● **WHAT IS EXPECTED**
In the data below, one line contains "7 candida symptoms" and a later one contains "Donald Martin, Melbourne". Print both, with every line between them, exactly and alone.

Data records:
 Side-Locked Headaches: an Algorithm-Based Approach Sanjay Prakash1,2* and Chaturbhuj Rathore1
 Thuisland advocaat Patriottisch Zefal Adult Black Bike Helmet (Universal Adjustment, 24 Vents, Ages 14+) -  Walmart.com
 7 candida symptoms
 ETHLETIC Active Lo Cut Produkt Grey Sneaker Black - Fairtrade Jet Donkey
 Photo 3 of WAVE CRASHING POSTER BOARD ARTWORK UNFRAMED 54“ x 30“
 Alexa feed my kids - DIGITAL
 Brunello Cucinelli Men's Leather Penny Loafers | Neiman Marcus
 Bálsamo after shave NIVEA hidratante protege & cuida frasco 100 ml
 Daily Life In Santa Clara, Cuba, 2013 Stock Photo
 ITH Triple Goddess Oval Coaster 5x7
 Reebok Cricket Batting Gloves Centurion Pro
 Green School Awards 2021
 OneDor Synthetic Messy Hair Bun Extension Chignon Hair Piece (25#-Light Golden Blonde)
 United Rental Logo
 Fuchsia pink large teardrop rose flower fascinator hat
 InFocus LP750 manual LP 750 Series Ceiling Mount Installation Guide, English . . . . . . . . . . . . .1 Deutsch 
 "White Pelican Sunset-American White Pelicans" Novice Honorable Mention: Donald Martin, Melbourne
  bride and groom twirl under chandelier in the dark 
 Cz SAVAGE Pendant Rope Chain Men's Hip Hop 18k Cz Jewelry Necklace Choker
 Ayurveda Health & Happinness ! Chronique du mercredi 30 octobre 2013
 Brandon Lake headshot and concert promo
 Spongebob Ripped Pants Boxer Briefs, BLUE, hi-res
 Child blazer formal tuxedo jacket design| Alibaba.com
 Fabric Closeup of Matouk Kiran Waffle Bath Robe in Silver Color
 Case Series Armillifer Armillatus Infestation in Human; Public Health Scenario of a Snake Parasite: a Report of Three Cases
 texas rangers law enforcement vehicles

● **WRITTEN RESPONSE**
 7 candida symptoms
 ETHLETIC Active Lo Cut Produkt Grey Sneaker Black - Fairtrade Jet Donkey
 Photo 3 of WAVE CRASHING POSTER BOARD ARTWORK UNFRAMED 54“ x 30“
 Alexa feed my kids - DIGITAL
 Brunello Cucinelli Men's Leather Penny Loafers | Neiman Marcus
 Bálsamo after shave NIVEA hidratante protege & cuida frasco 100 ml
 Daily Life In Santa Clara, Cuba, 2013 Stock Photo
 ITH Triple Goddess Oval Coaster 5x7
 Reebok Cricket Batting Gloves Centurion Pro
 Green School Awards 2021
 OneDor Synthetic Messy Hair Bun Extension Chignon Hair Piece (25#-Light Golden Blonde)
 United Rental Logo
 Fuchsia pink large teardrop rose flower fascinator hat
 InFocus LP750 manual LP 750 Series Ceiling Mount Installation Guide, English . . . . . . . . . . . . .1 Deutsch 
 "White Pelican Sunset-American White Pelicans" Novice Honorable Mention: Donald Martin, Melbourne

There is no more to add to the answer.